“Dan kita berada pada zaman dimana orang mulai mengabaikan makna.” Ia merespons datar.
“Ah, kau benar-benar ingat.” Aku tertawa kecil. “Makna waktu, makna melangkah, makna melakukan apapun sebagai diri kita sendiri, semua terdegradasi.”
“Ku rasa sudah hampir 5 kali kau mengucapkan kalimat itu padaku Fin, bagaimana aku tidak lupa.” Wajahnya terlipat sedikit. “Walau sebenarnya pemahamanku belum seperti yang kau sadari.”

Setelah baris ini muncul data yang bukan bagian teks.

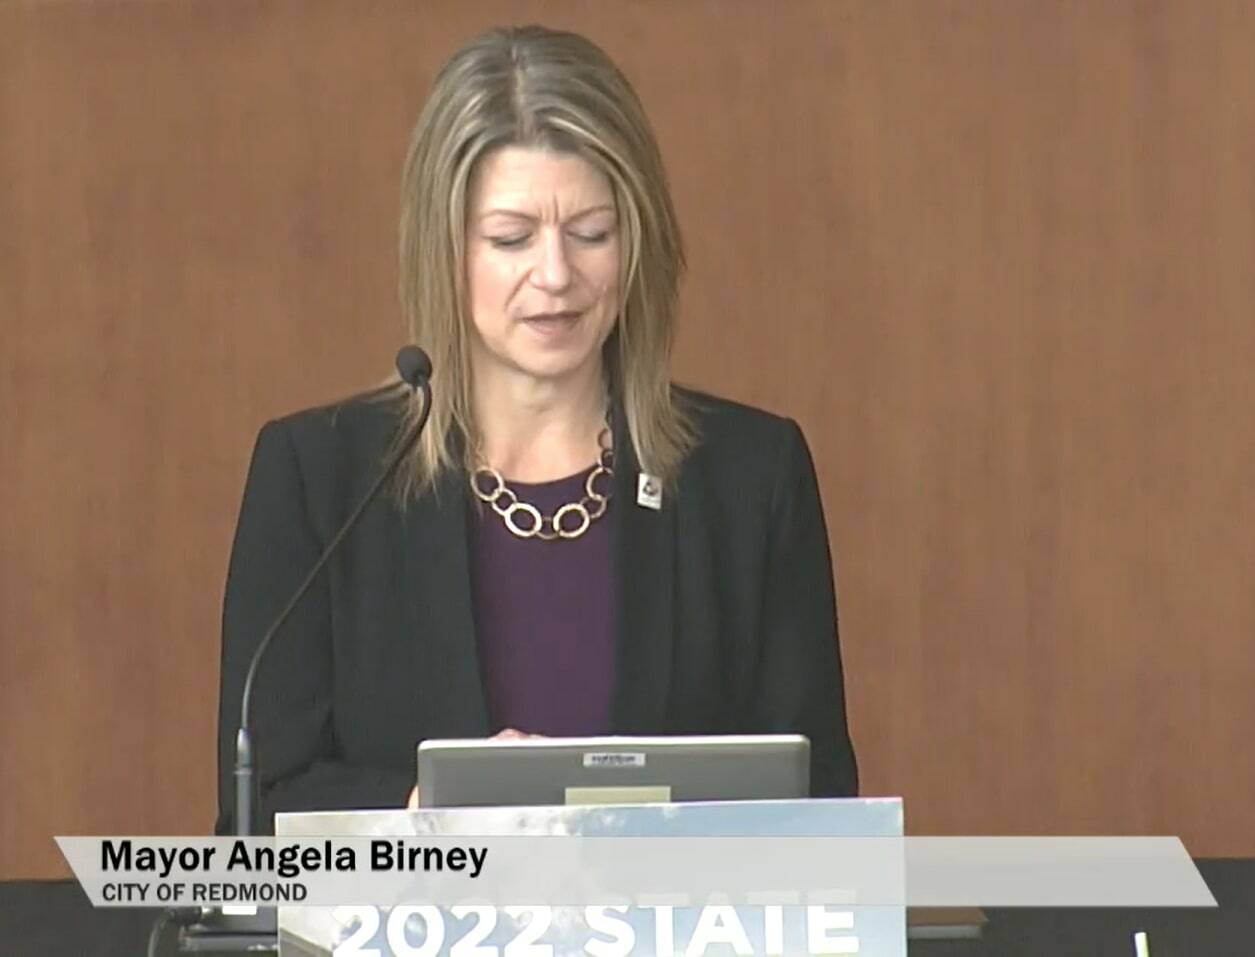 Mayor Angela Birney speaks at Redmond’s State of the City address on March 31. Courtesy of YouTube.
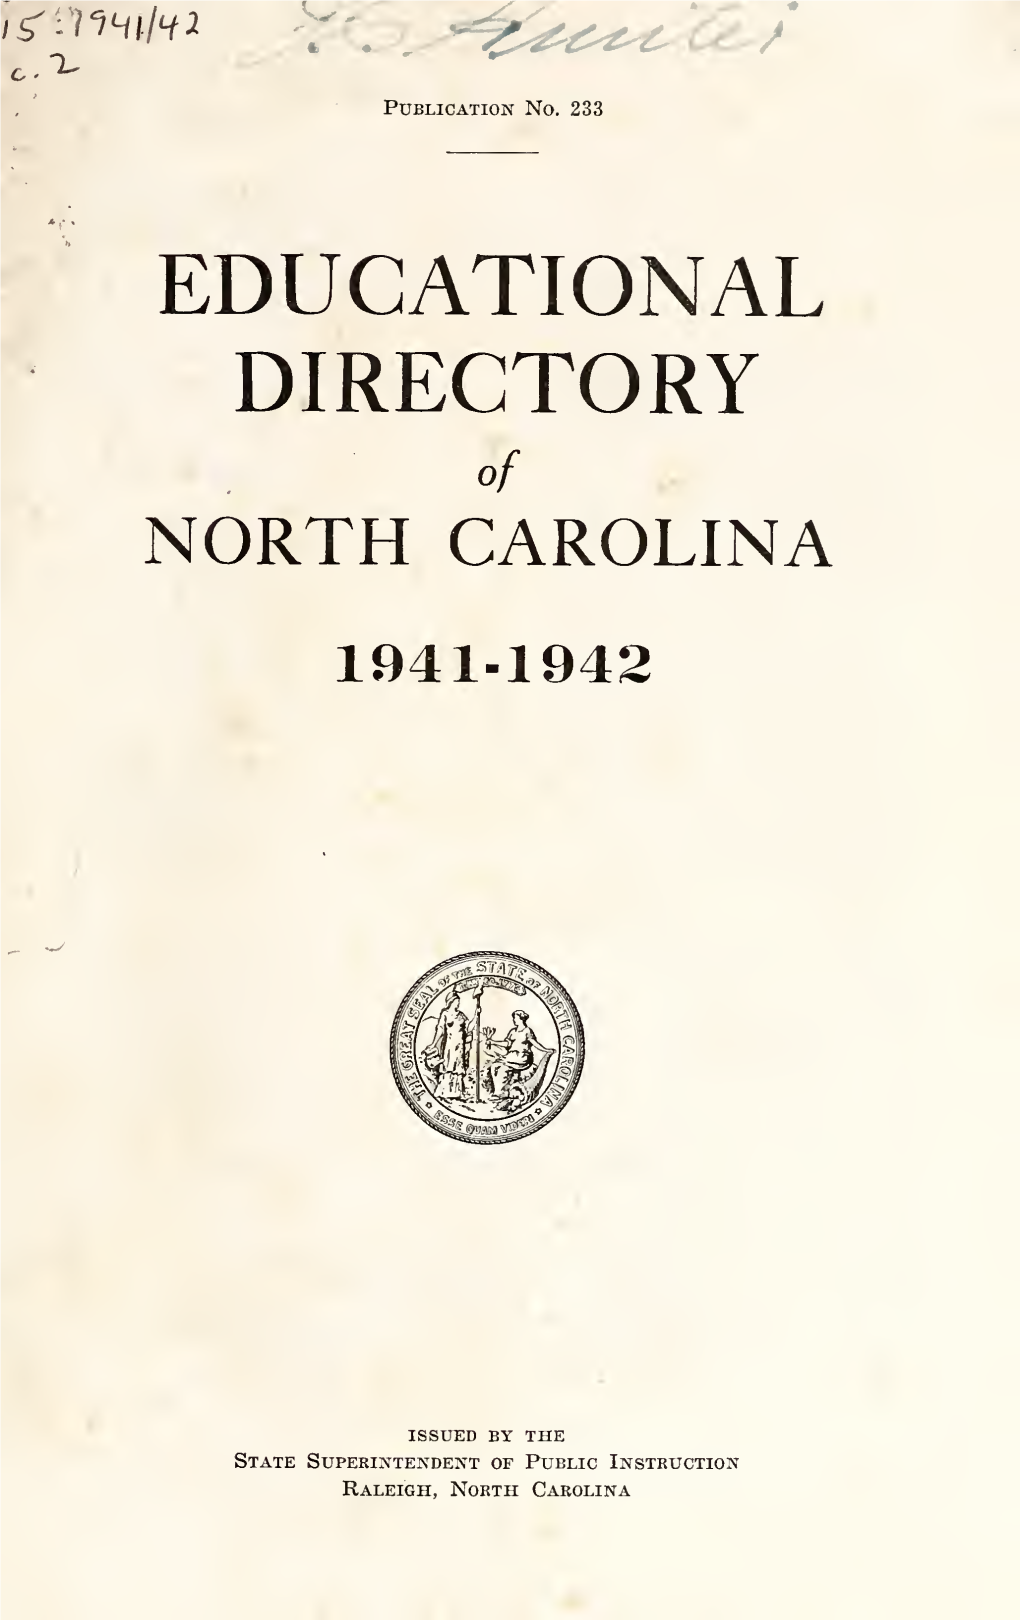 EDUCATIONAL DIRECTORY of NORTH CAROLINA 1941-1942

“Semua karena eksistensi mendahului esensi. Tidakkah kau sadar itu Zen? Makna adalah kesatuan pola, proses, dan struktur. Ketika semua dimudahkan, dimana lagi letak makna itu? Merasuk ke segala sisi, bahkan agama pun sudah kehilangan maknanya.”
“Memang Fin, aku merasa sekarang banyak yang beragama tapi tak ber-Tuhan.”
Aku menoleh, memandang Zen sejenak. “Kau sudah mulai bijak sepertinya.”
“Gara-gara kebanyakan dengar ocehanmu.” Ia terkekeh. Matanya lurus menatap jalanan yang selalu penuh dengan mesin beroda yang mengeluarkan asap tak kasat mata tiada henti.
Aku kembali meluruskan kepalaku, membiarkan mataku menangkap apapun yang ada di depan sana. Kosong. “Semua tidak berproses dengan semestinya. Bagai bayi yang lahir prematur. Zaman penuh kekacauan.”
“Mau gimana lagi” Zen diam sejenak, memperbaiki posisi duduknya. “Hei Fin, tidakkah kau berpikir, karena Tuhan ada bagi mereka yang kesusahan, ketika semuanya serba mudah, apa lagi gunanya memikirkan yang di luar rasio?”
“Kalau begitu salahkan lah semua teknologi ini.” Aku tersenyum. “Benar-benar eksistensi mendahului esensi. Orang-orang membual mengenai manfaat teknologi sampai mulut mereka berbusa pun, makna satu langkah kaki tetap tak bisa tergantikan.”
“Dan kita memang berada pada masa dimana makna tidak lagi menjadi kesadaran.”